38. You find an old parchment that tells of an immense treasure on an island. The paper also contains the description of how to find the treasure:

"To find the treasure, first find the wooden gallows on the island. When you have found it, you will see the only two trees on the island, an oak and a beech. Maybe wait for the end of a thunderstorm, then go to the oak and count the steps. Once at the oak, turn 90 degrees clockwise and walk the same number of steps again. There you put a piece of wood in the ground. Now go from the gallows to the beech and count again the steps you need. At the beech, turn 90 degrees counterclockwise and repeat the same number of steps. Here you put a little piece of wood in the ground again. The treasure is now in the middle of the two woods. "

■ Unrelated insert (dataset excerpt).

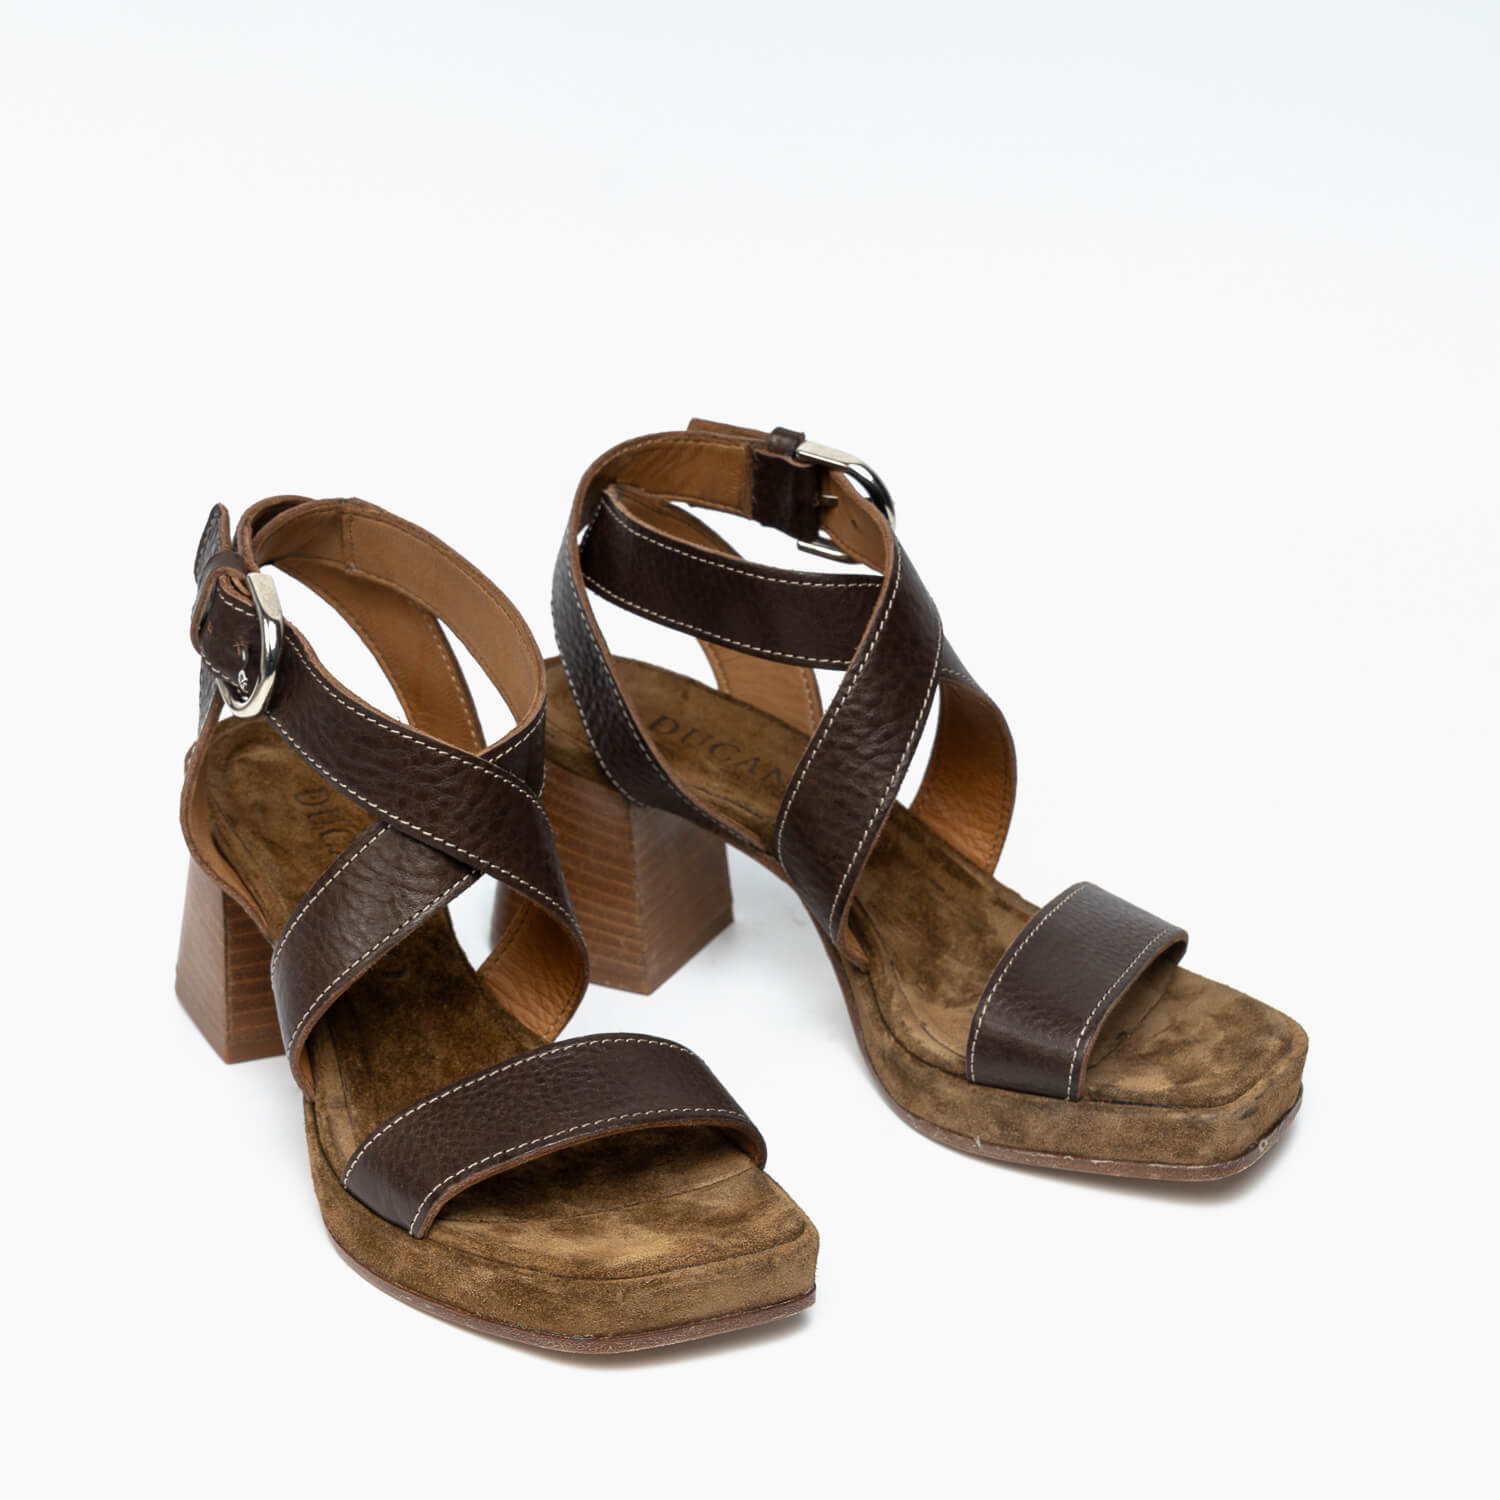 Bianca | Model 3789 sandals brown

Since you want to get rich, you travel to the island. Once there, you will also find the two trees, only the gallows has obviously become a victim of bad weather, it is nowhere to be seen. How do you still find the treasure without plowing the whole island?

 

[lpetrich]

Solution for #38:

Spoiler

The positions of the gallows, the oak, the beech, and the treasure are ${\mathbf x}_G$, ${\mathbf x}_O$, ${\mathbf x}_B$, and ${\mathbf x}_T$.

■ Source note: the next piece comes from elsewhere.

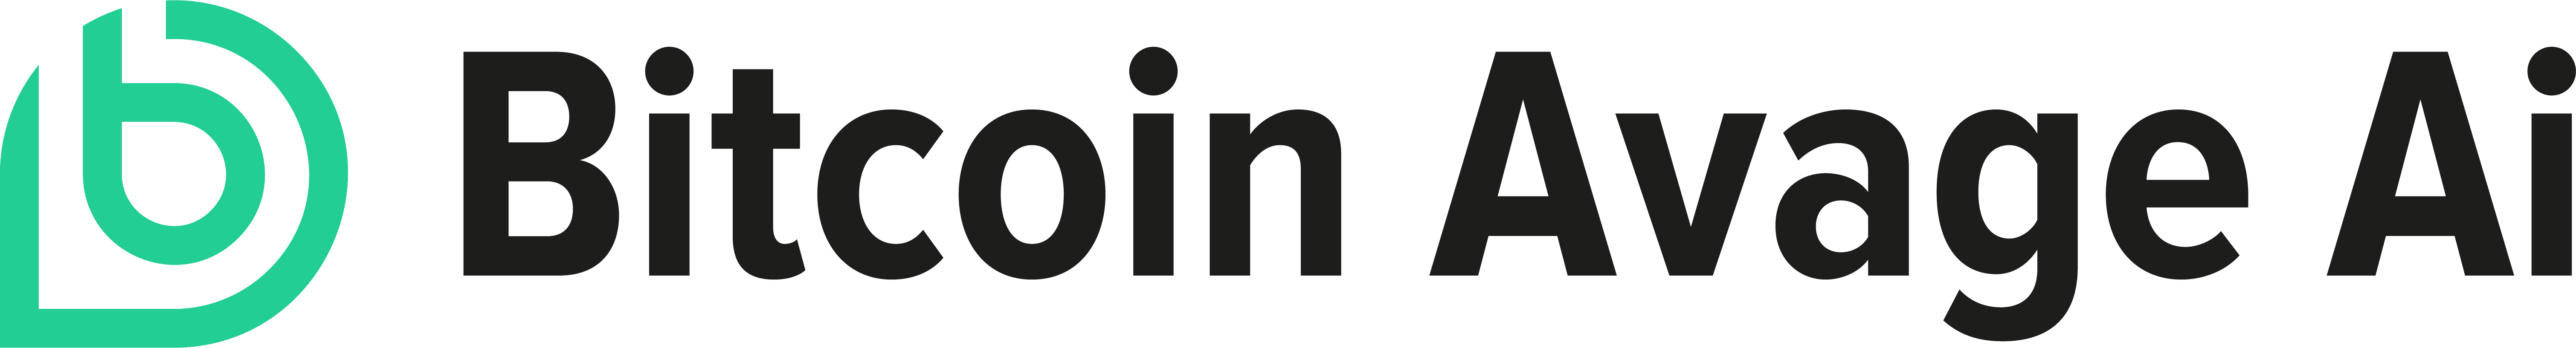 Bitcoin Avage Ai Logo

The coordinate axes I take to be counterclockwise: 90d clockwise rotation does (1,0) -> (0,-1) and (0,1) -> (1,0), and 90d counterclockwise rotation does (1,0) -> (0,1) and (0,1) -> (-1,0). The rotation matrices are thus
$$R_{clockwise} = - R_{counterclockwise} = \epsilon = \begin{pmatrix} 0 & 1 \\ -1 & 0 \end{pmatrix}$$
Applied to this problem, the position after visiting the oak is ${\mathbf x}_O + \epsilon\cdot({\mathbf x}_O - {\mathbf x}_G)$ and the position after visiting the beech is ${\mathbf x}_B - \epsilon\cdot({\mathbf x}_B - {\mathbf x}_G)$. The average of these positions is
$${\mathbf x}_T = \frac12 ({\mathbf x}_O + {\mathbf x}_B) + \frac12 \epsilon\cdot({\mathbf x}_O - {\mathbf x}_B)$$
So one goes to halfway in between the oak and the beech trees, then turns 90d clockwise from the beech-to-oak direction, and then goes half of the separation between the beech and the oak.

 

[fresh_42]

39. A village community currently has $1111$ inhabitants - $1$ more than twice as many as $111$ years ago. Except of the village's mill, whose population is $11$ today as then, all districts (Lower Village, Central Village and Upper Village) have grown. Lower Village gained twice as many inhabitants as the smaller Upper Village, whereas Central Village increased its population by exactly $7/11$, so that today it has exactly $1/11$ of the inhabitants of Lower Village.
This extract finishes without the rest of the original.